用UE打开vmlinux,查找关键字"SMP PREEMPT",会输出如下内容,确定编译时间
Linux version 4.14.83+ (cibuild@cibuild) (clang version 6.0.9 for Android NDK) #1 SMP PREEMPT Wed Jun 12 23:38:51 CST 2019
通过dmesg抓取开机log或者通过命令 "cat /proc/version", 确定机器所运行软件编译时间
K81928AA1:/ # cat /proc/version
Linux version 4.14.83+ (cibuild@cibuild) (clang version 6.0.9 for Android NDK) #1 SMP PREEMPT Wed Jun 12 23:38:51 CST 2019
dmesg:
[0.000000] [<0>][0, swapper]Linux version 4.14.83+ (cibuild@cibuild) (clang version 6.0.9 for Android NDK) #1 SMP PREEMPT Wed Jun 12 23:38:51 CST 2019
登录高通carsh分析网站,Qualcommon Carsh Analsys Protal
选择Chipset, Software Product, dump log路径, 符号表路径
Chipset:SM8150
Software Product:SM8150.LA.2.0
Log Location:C:\ProgramData\Qualcomm\QPST\Sahara\Port_COM145 (dump文件目录)
Build Location:E:\img\1928\2019-06-12-22-48-21\SW_xxxxxx_symbol\symbols (此目录下包含了vmlinx符号文件)

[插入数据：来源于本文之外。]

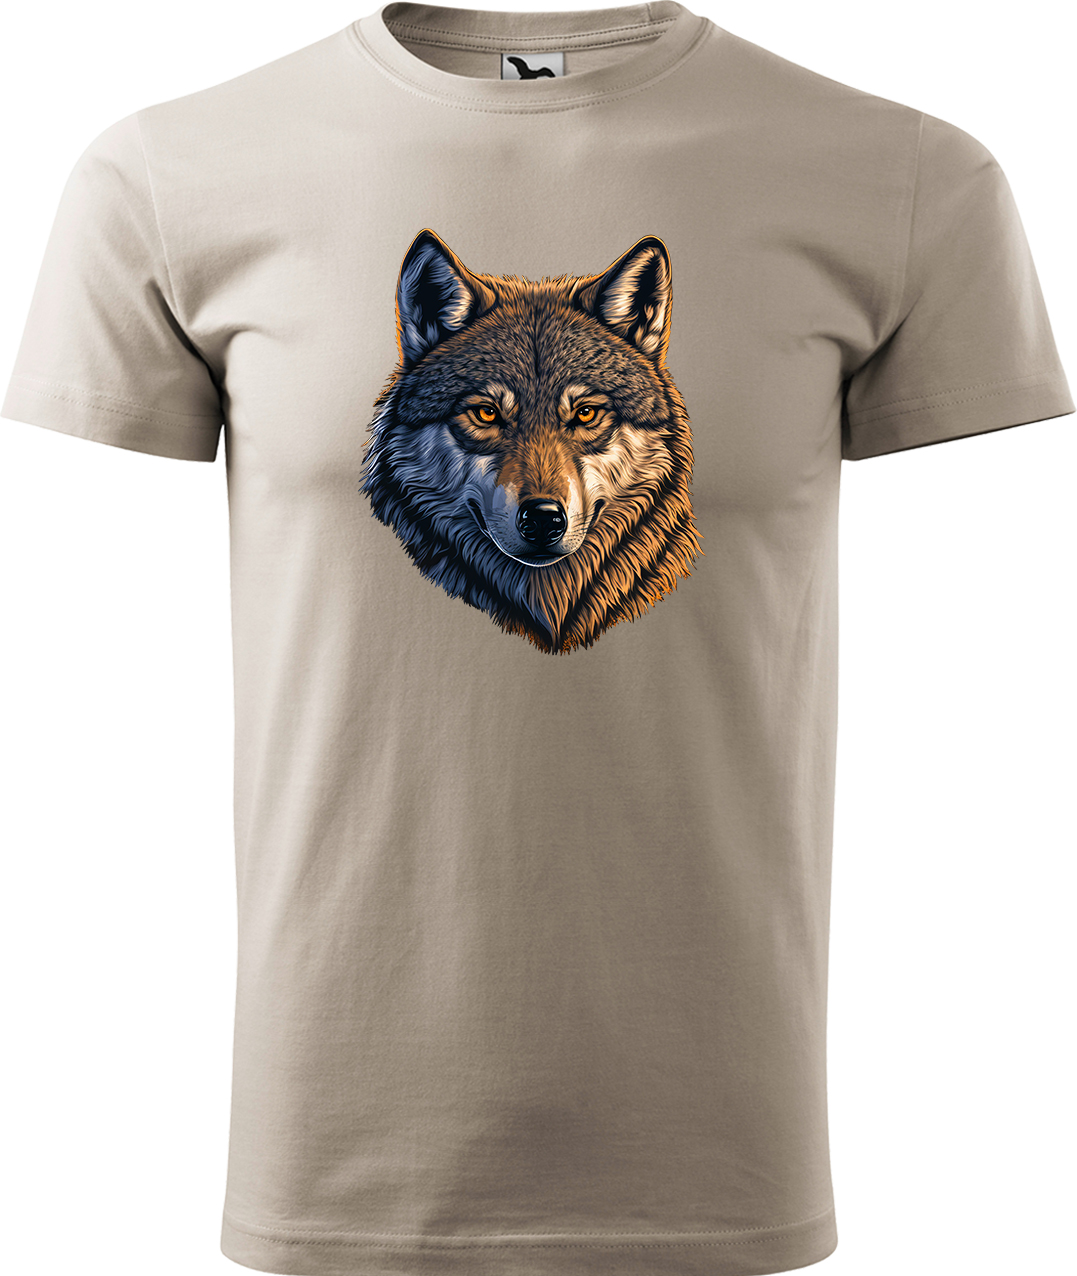 Pánské tričko s vlkem - Hlava vlka Velikost: 3XL, Barva: Béžová (51), Střih: pánský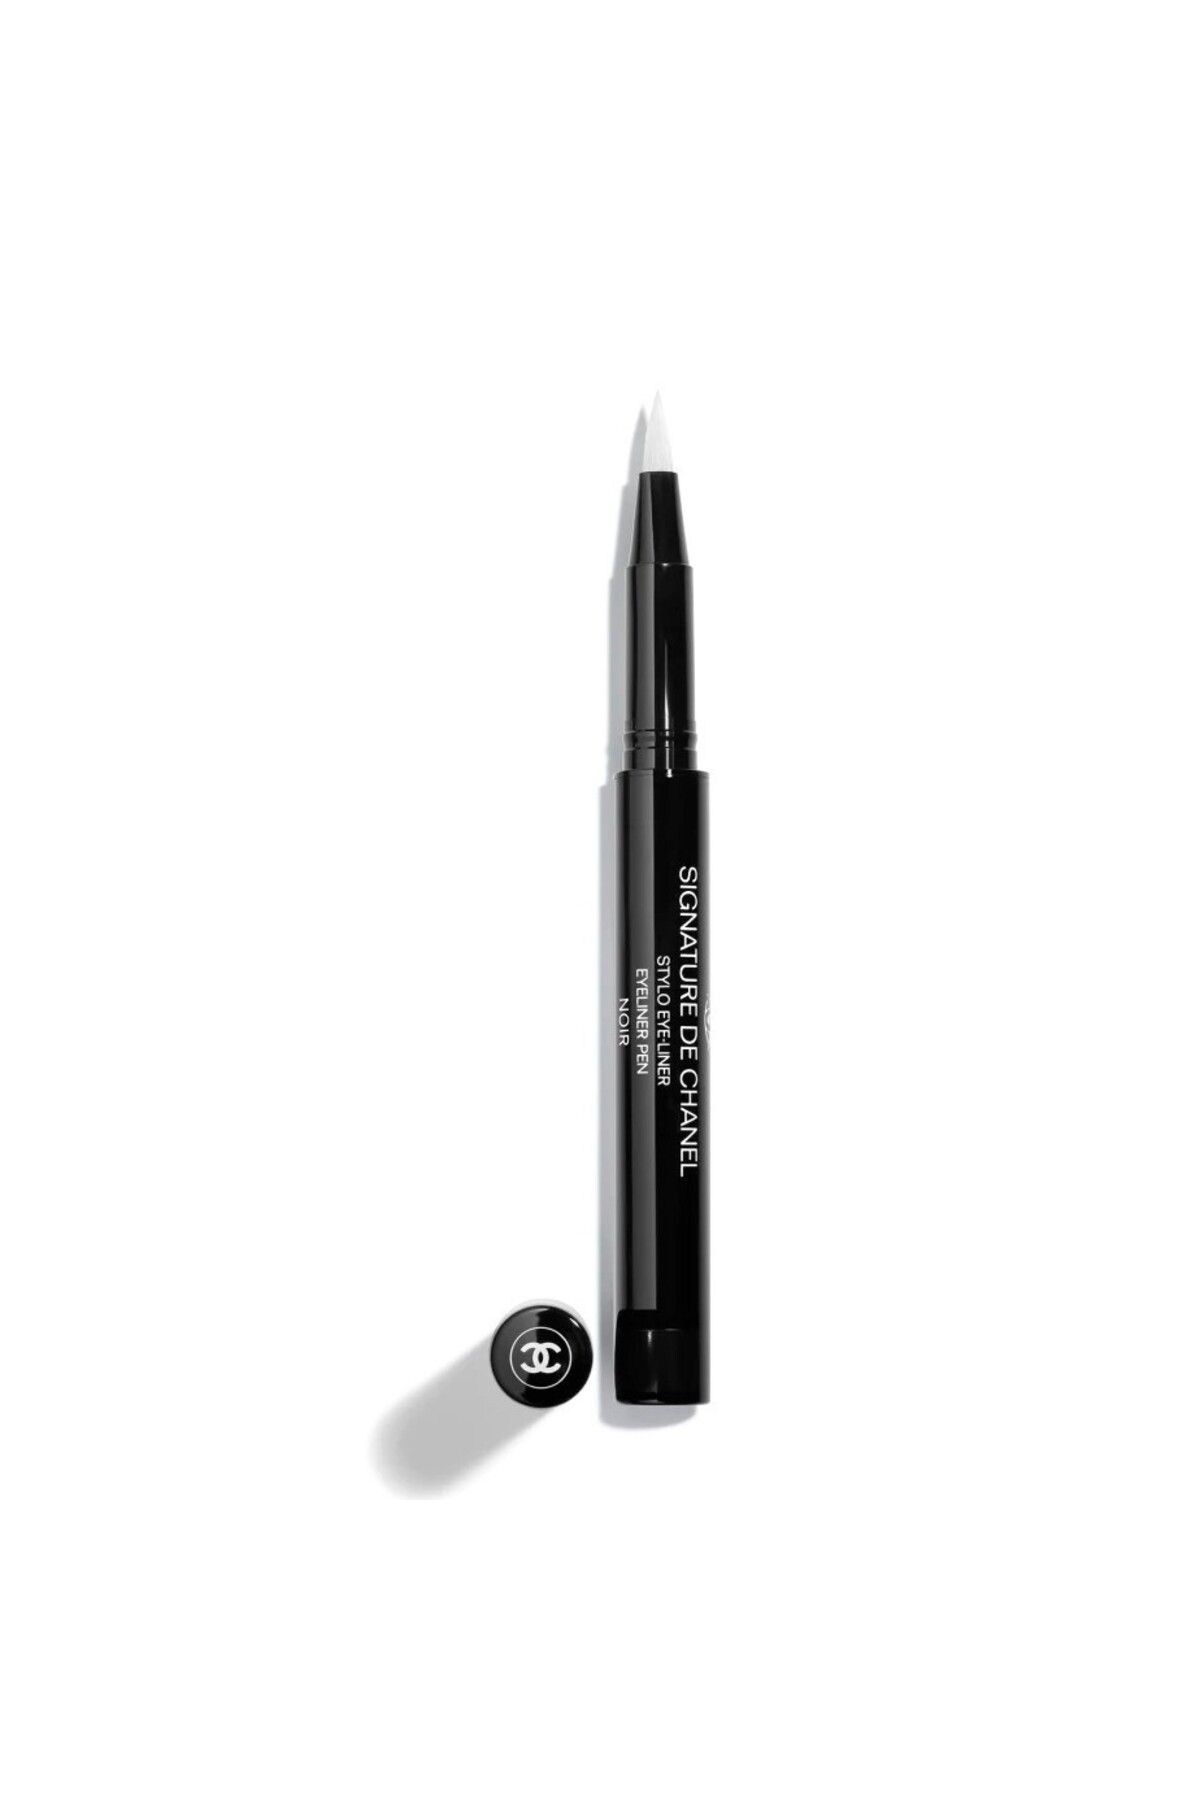 Chanel SIGNATURE DE CHANEL - Belirgin, Yoğun Ve Suya Dayanıklı Uzun Ömürlü Eyeliner 0.5 ml ( 10-Noir )

4.如果符号表匹配正确,稍等几分钟,网站会输出报告QCAPReport.html,通过该报告可查看死机原因
244.889835: <6> Internal error: Accessing user space memory outside uaccess.h routines: 9600004f [#1] PREEMPT SMP
244.901438: <6> Modules linked in: wlan(O) machine_dlkm(O) wsa881x_dlkm(O) wcd9360_dlkm(O) wcd934x_dlkm(O) mbhc_dlkm(O) swr_ctrl_dlkm(O) wcd9xxx_dlkm(O) fs16xx_dlkm(O) wcd_core_dlkm(O) stub_dlkm(O) wcd_spi_dlkm(O) hdmi_dlkm(O) swr_dlkm(O) pinctrl_wcd_dlkm(O) usf_dlkm(O) native_dlkm(O) platform_dlkm(O) q6_dlkm(O) adsp_loader_dlkm(O) apr_dlkm(O) q6_notifier_dlkm(O) q6_pdr_dlkm(O) wglink_dlkm(O) msm_11ad_proxy
244.939517: <6> CPU: 5 PID: 4008 Comm: cat Tainted: G S W O 4.14.83+ #1
244.948176: <6> Hardware name: Qualcomm Technologies, Inc. SM8150 V2 PM8150 MTP (DT)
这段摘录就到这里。